OLG Stuttgart 4 U 84/82
09 December 1982
Professor B.S. Markesinis
Raymond Youngs


The defendant’s programme “Länderspiegel” on the 31st January 1981 was about the Bavarian Education Ministry’s guidance on sex education. Amongst other things, it showed television viewers a picture from the Human Biology text book published by C in which the first claimant, a female model, and the second claimant, a small girl, but now 13 years old, are photographed naked. This picture was produced for the text book in 1973 with the claimants’ agreement. The claimants’ agreement to broadcasting the picture on the defendant's television programme was unquestionably not obtained.

The same picture had also been used by the publishers G for an issue of S and by the publishers T for an issue of its satirical magazine, likewise without the claimants’ consent. G was ordered by a judgment of the senate of the 16th December 1981 (reference omitted) to pay compensation for distress of 5000 DM (claimed as a partial sum) for violating the first claimant’s right to her own picture and her general personality right by publishing the picture. This sum was increased by 2500 DM by a subsequent agreement between the first claimant and G, and paid out. T was ordered by the Stuttgart Landgericht in a judgment of the 6th May 1982 (reference omitted) to pay compensation for distress of 3000 DM. This sum has not yet been paid to the first claimant.

In the present proceedings, the first claimant demands compensation from the defendant for her material harm, in the form of a licence fee, and compensation for distress in the sum of 10,000 DM. The second claimant only demanded compensation for her material harm.




The first claimant’s appeal is unsuccessful. The defendant’s cross appeal is only partially successful.

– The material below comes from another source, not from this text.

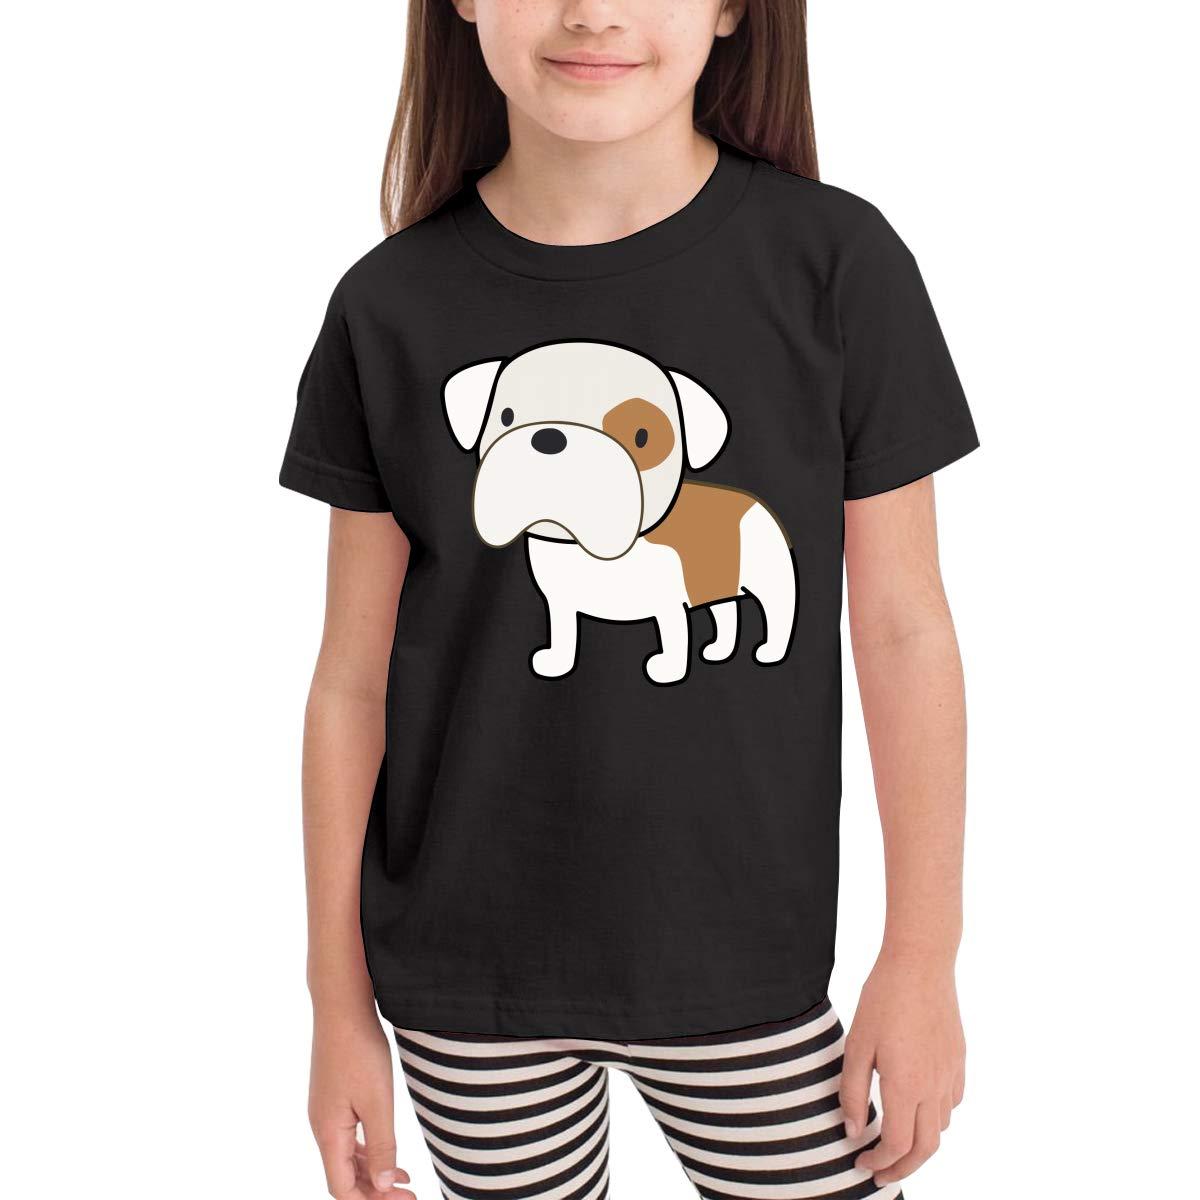 Bam Bam English Bulldog Kids Cotton T-Shirt Basic Soft Short Sleeve Tee Tops for Baby Boys Girls
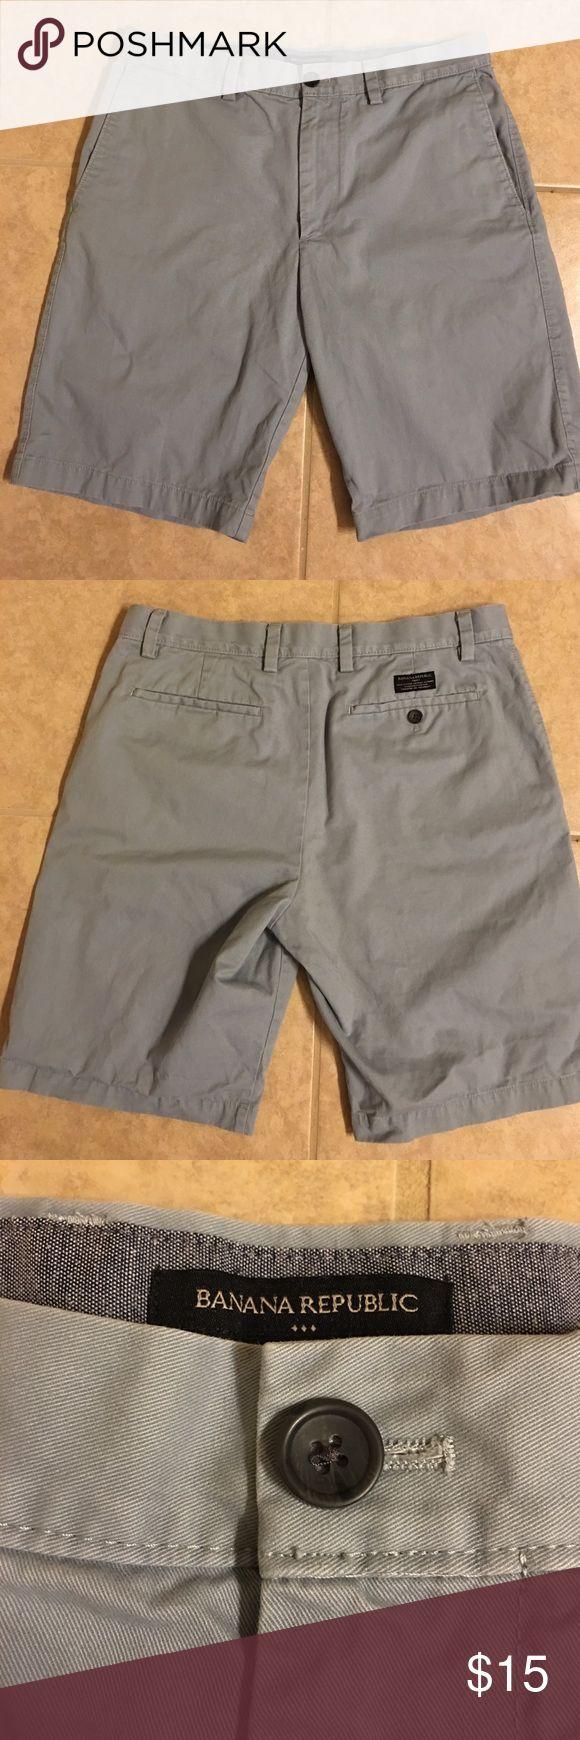 "☀️Men's Banana Republic Chinos Shorts W33"" Men's Banana Republic Chinos Shorts.  Waist 33"".    Light blue.  Great condition!  Smoke-free home, bundle and save! Summer is coming!  ☀️ Banana Republic Shorts Flat Front"

1. The senate adheres to the view of the law propounded in the two preceding parallel proceedings between the claimants and G, and between the first claimant and T. This view was that the use of the photograph made in 1973 from the Human Biology text book, and its dissemination without the consent of the persons shown in it, should be assessed as an unlawful and culpable violation of their right to their own picture and their general personality right. In reply to a claim based on § 22 of the KUG (Artistic Creations Act) and § 823 (1) of the BGB, the defendant can rely neither on the exception in § 23 (1) no 1 of the KUG, nor on the freedom of quotation under § 51 of the UrhG (Copyright Act), nor on a tacit consent by the claimants.

a) The photograph which is the subject of the dispute is not a picture from the sphere of contemporary history in the sense of § 23 (1) no 1 of the KUG. The defendant considers this provision to be applicable regardless of whether the person shown in the picture is, as such, of significance in contemporary history, if the picture being assessed ought be regarded objectively as a document of contemporary history because of its content and character. The senate cannot follow this assessment. § 23 of the KUG and the exceptions regulated in it cannot, as the wording of the statutory provision shows, be assessed in isolation from § 22 of the KUG. It is therefore necessary to adhere to the view that pictures from the sphere of contemporary history are to be understood as only covering those which are of contemporary interest simply because of the person depicted as such (references omitted). The Landgericht has established by correct reasoning that this prerequisite is not fulfilled in respect of the picture of the claimants which is the subject of dispute. Nothing needs to be added to this after the defendant has expressly made it clear in the reasoning to its appeal that it does not consider the claimants to be persons of contemporary history.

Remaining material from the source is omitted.